Our preliminary results demonstrate the potential for a data-driven approach to generate personalized risk stratification tools. With a final cohort size expected to exceed 40 000 patients, we anticipate being able to create more granular models optimized for integration into clinical decision-making.

STUDY REGISTRATION

ClinicalTrials.gov NCT04995068.

摘要

背景

轻度创伤性脑损伤(mTBI)是急诊科就诊的常见原因。只有一小部分mTBI患者会出现颅内病变(ICL),因伤需要神经外科干预的患者更少。轻度创伤性脑损伤后计算机断层扫描病变检测的斯德哥尔摩评分(SELECT-TBI)研究旨在提供一种数据驱动的方法,以估计mTBI患者发生创伤性ICL和具有临床意义病变的个体风险。

目的

按照已发表的研究方案预先计划,在完成数据收集之前提供统计分析计划和初步数据分析。

方法

对2015年至2020年期间在瑞典斯德哥尔摩因mTBI接受计算机断层扫描(CT)的15岁及以上患者进行回顾性研究。为每位患者收集多达73个变量。对队列中的前5000名患者进行数据分析,以使用套索回归、一般线性模型和随机森林开发初步预测模型,并进行最优总体分析,以确定最终样本量是否足够。

结果

测试了六种数据选择策略,并采用4:1的训练/验证数据分割生成曲线下面积(AUC)接受者操作特征(ROC)曲线。

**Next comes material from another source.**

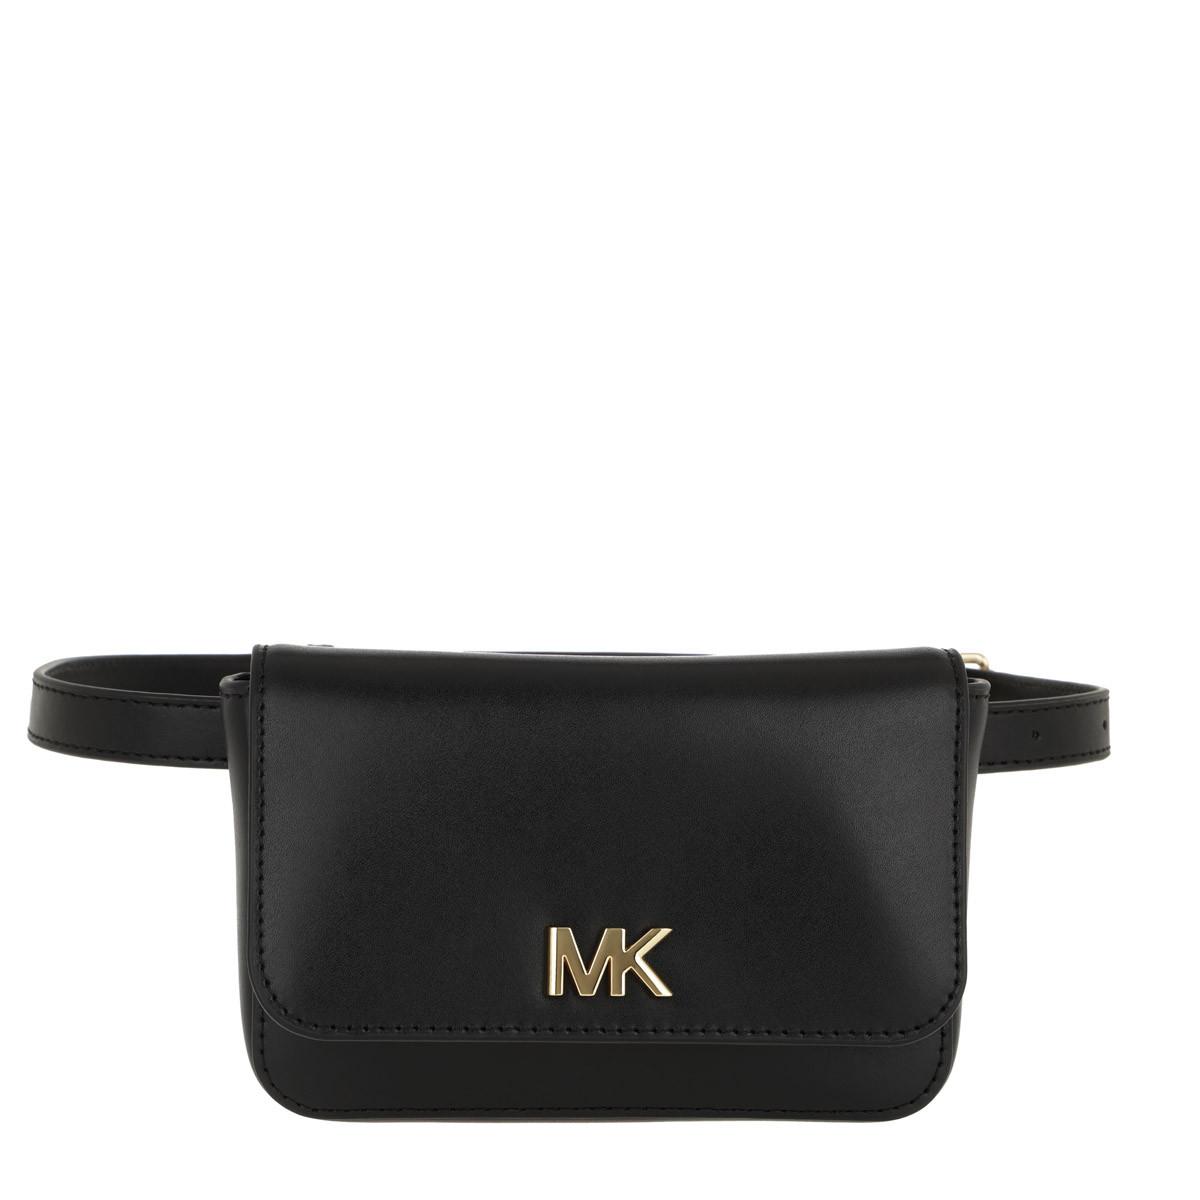 Michael Kors Gürteltasche - Mott Belt Bag Black - in schwarz - für Damen
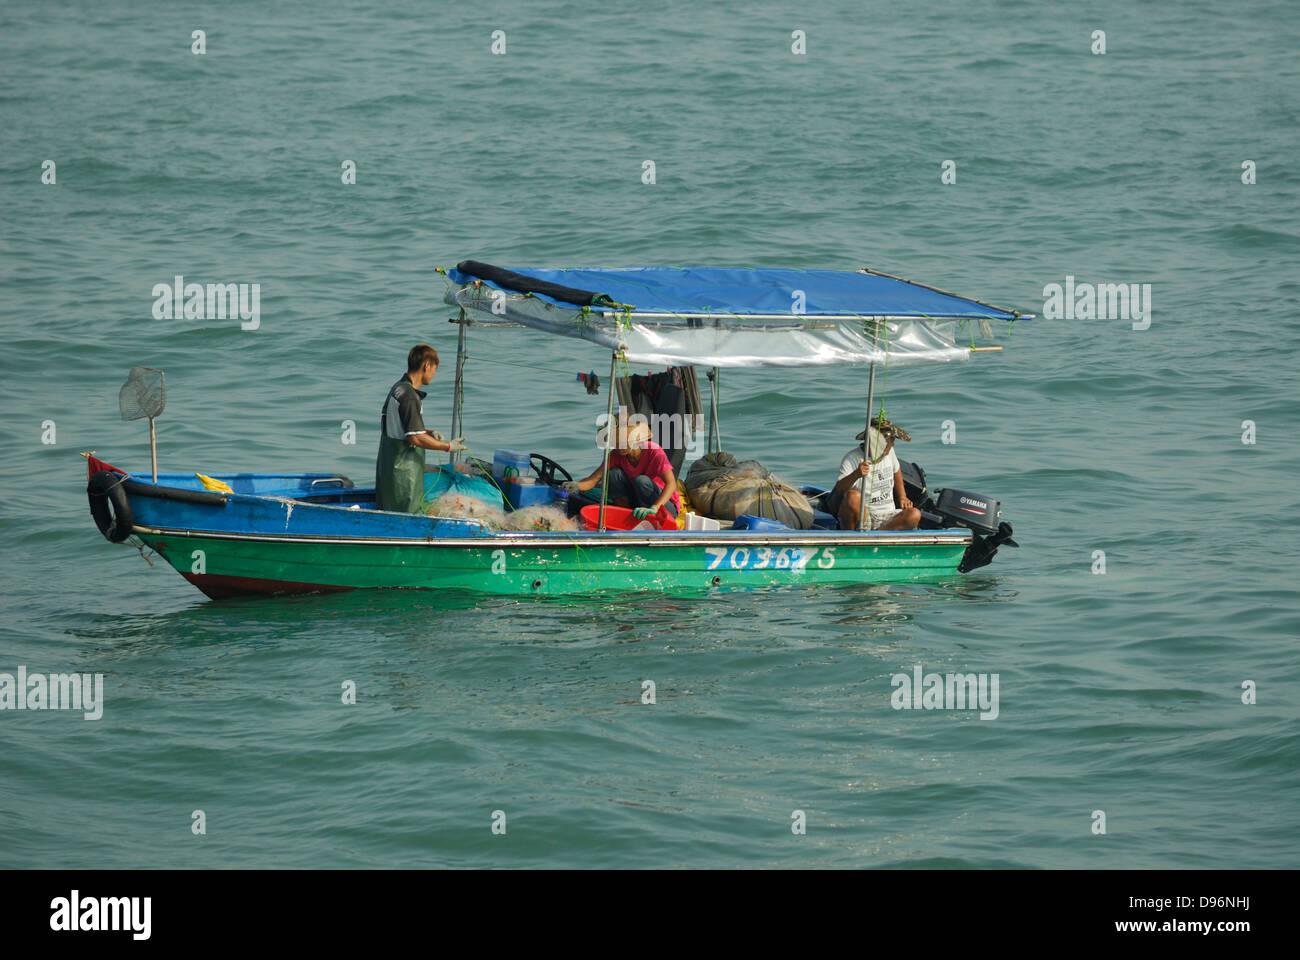 Fisherman e barca nel porto Victoria, Hong Kong Cina. Immagini Stock

表现最佳的模型是套索回归模型,对于任何ICL,其AUC为0.807,对于具有临床意义的ICL,AUC为0.903(准确率分别为70%和97.7%,布里尔评分分别为0.3和0.023)。在所有模型中被确定为关键特征的临床变量包括格拉斯哥昏迷量表、颅底骨折体征、创伤机制和呕吐,每个变量的重要性得分均大于0.1(解释模型方差超过10%)。最后,发现所需总体规模的最高最终预测值为29667名患者。

结论

我们的初步结果证明了数据驱动方法生成个性化风险分层工具的潜力。预计最终队列规模将超过40000名患者,我们期望能够创建更精细的模型,以优化整合到临床决策中。

研究注册

ClinicalTrials.gov NCT04995068。